Department of Cardiovascular Medicine Mayo Clinic Rochester MN.
Division of Cardiology, Trillium Health Partners University of Toronto Toronto Ontario Canada.
J Am Heart Assoc. 2023 Nov 21;12(22):e031427. doi: 10.1161/JAHA.123.031427. Epub 2023 Nov 20.
Shock and preshock are defined on the basis of the presence of hypotension, hypoperfusion, or both. We sought to determine the hemodynamic underpinnings of shock and preshock noninvasively using transthoracic echocardiography (TTE).
We included Mayo Clinic cardiac intensive care unit patients from 2007 to 2015 with TTE within 1 day of admission. Hypotension and hypoperfusion at the time of cardiac intensive care unit admission were used to define 4 groups. TTE findings were evaluated across these groups, and in-hospital mortality was evaluated according to TTE findings in each group. We included 5375 patients with a median age of 69.2 years (36.8% women). The median left ventricular ejection fraction was 50%. Groups based on hypotension and hypoperfusion were assigned as follows: no hypotension or hypoperfusion, 59.7%; isolated hypotension, 15.3%; isolated hypoperfusion, 16.4%; and both hypotension and hypoperfusion, 8.7%. Most TTE variables of interest varied across these groups, with worse biventricular function, lower forward flow, and higher filling pressures as the degree of hemodynamic compromise increased. In-hospital mortality occurred in 8.2%, and inpatient deaths had more TTE parameter abnormalities. In-hospital mortality increased with the degree of hemodynamic compromise, and a marked gradient in in-hospital mortality was observed when the clinical classification of shock and preshock was combined with TTE findings reflecting worse biventricular function, lower forward flow, or higher filling pressures.

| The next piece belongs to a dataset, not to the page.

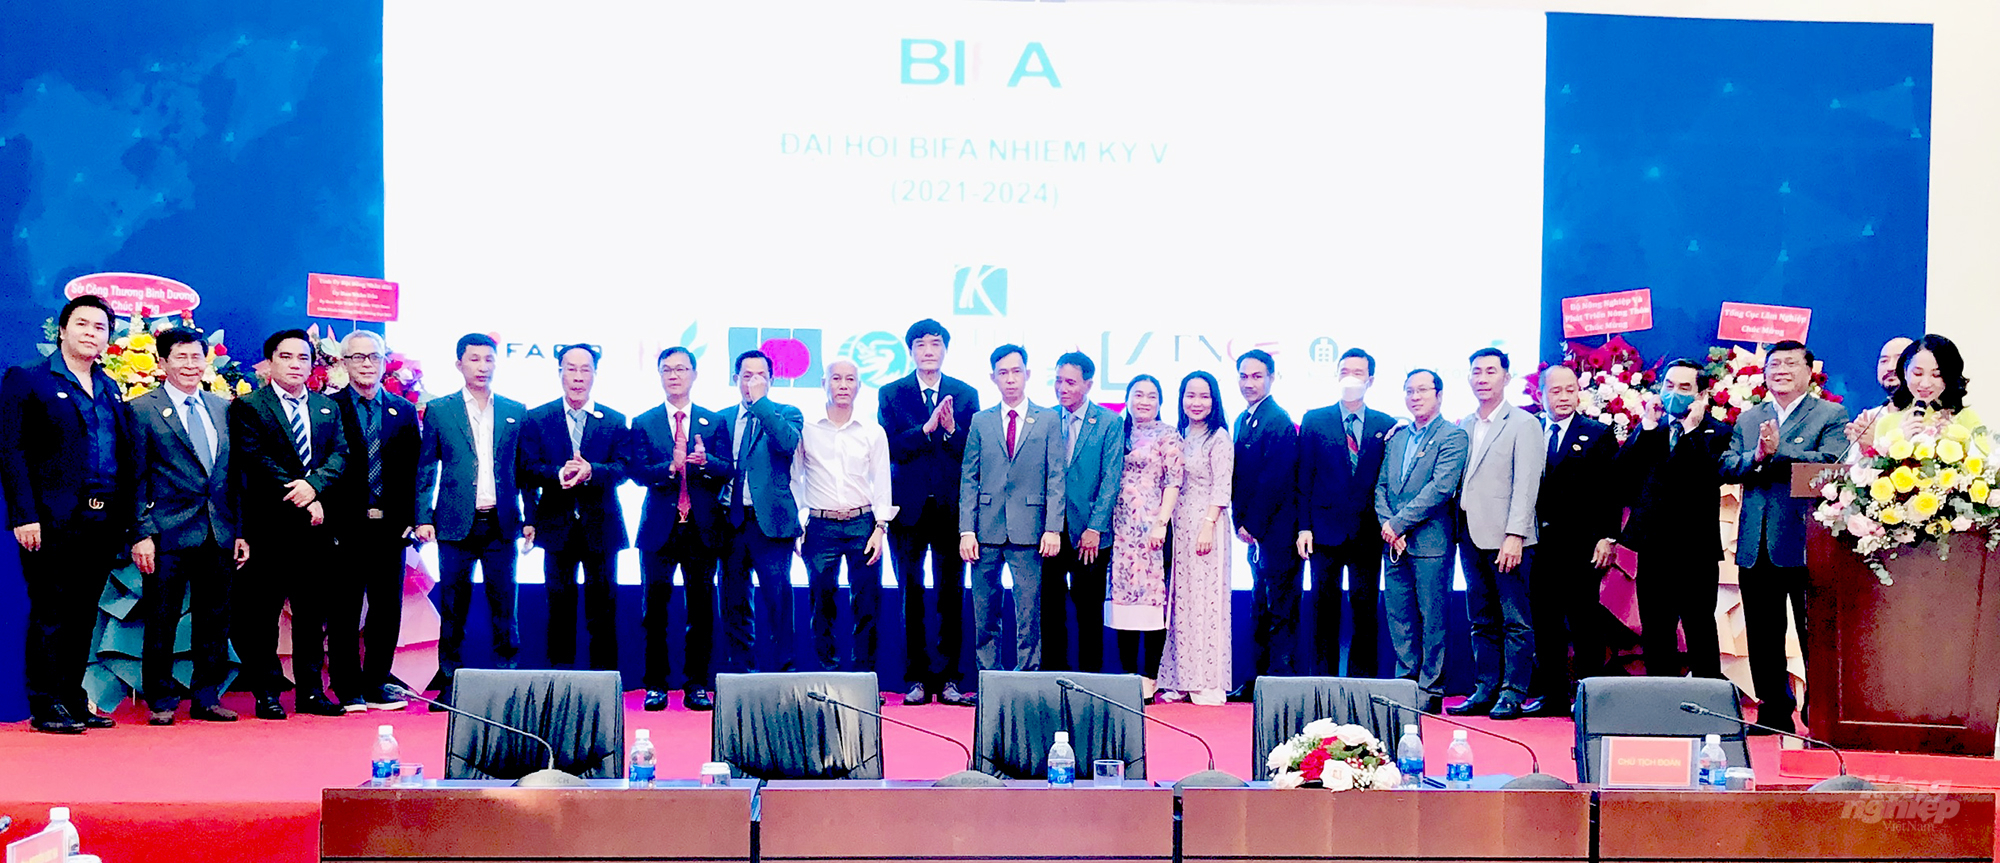 Ban chấp hành BIFA Nhiệm kỳ V (2021 -2024) ra mắt Đại hội. Ảnh: Minh Sáng.

Substantial differences in cardiac function are observed between cardiac intensive care unit patients with preshock and shock using TTE, and the combination of the clinical and TTE hemodynamic assessment provides robust mortality risk stratification.
休克和休克前期是基于低血压、低灌注或两者同时存在来定义的。我们试图使用经胸超声心动图(TTE)无创地确定休克和休克前期的血流动力学基础。
我们纳入了 2007 年至 2015 年期间在梅奥诊所心脏重症监护病房接受 TTE 检查的患者,这些患者在入住心脏重症监护病房的 1 天内接受了 TTE 检查。心脏重症监护病房入院时的低血压和低灌注用于定义 4 组。评估了 TTE 检查结果在这些组中的差异,并根据每组 TTE 检查结果评估住院死亡率。我们纳入了 5375 名患者,中位年龄为 69.2 岁(36.8%为女性)。左心室射血分数中位数为 50%。根据低血压和低灌注分组如下:无低血压或低灌注组,占 59.7%;单纯低血压组,占 15.3%;单纯低灌注组,占 16.4%;低血压和低灌注均存在组,占 8.7%。大多数感兴趣的 TTE 变量在这些组中存在差异,随着血流动力学损伤程度的增加,双心室功能恶化,前向血流减少,充盈压升高。住院死亡率为 8.2%,住院死亡患者的 TTE 参数异常更多。住院死亡率随着血流动力学损伤程度的增加而增加,当休克和休克前期的临床分类与反映双心室功能恶化、前向血流减少或充盈压升高的 TTE 结果相结合时,住院死亡率呈显著梯度增加。
使用 TTE 观察到休克前期和休克患者的心脏功能存在显著差异,临床和 TTE 血流动力学评估的结合提供了强大的死亡率风险分层。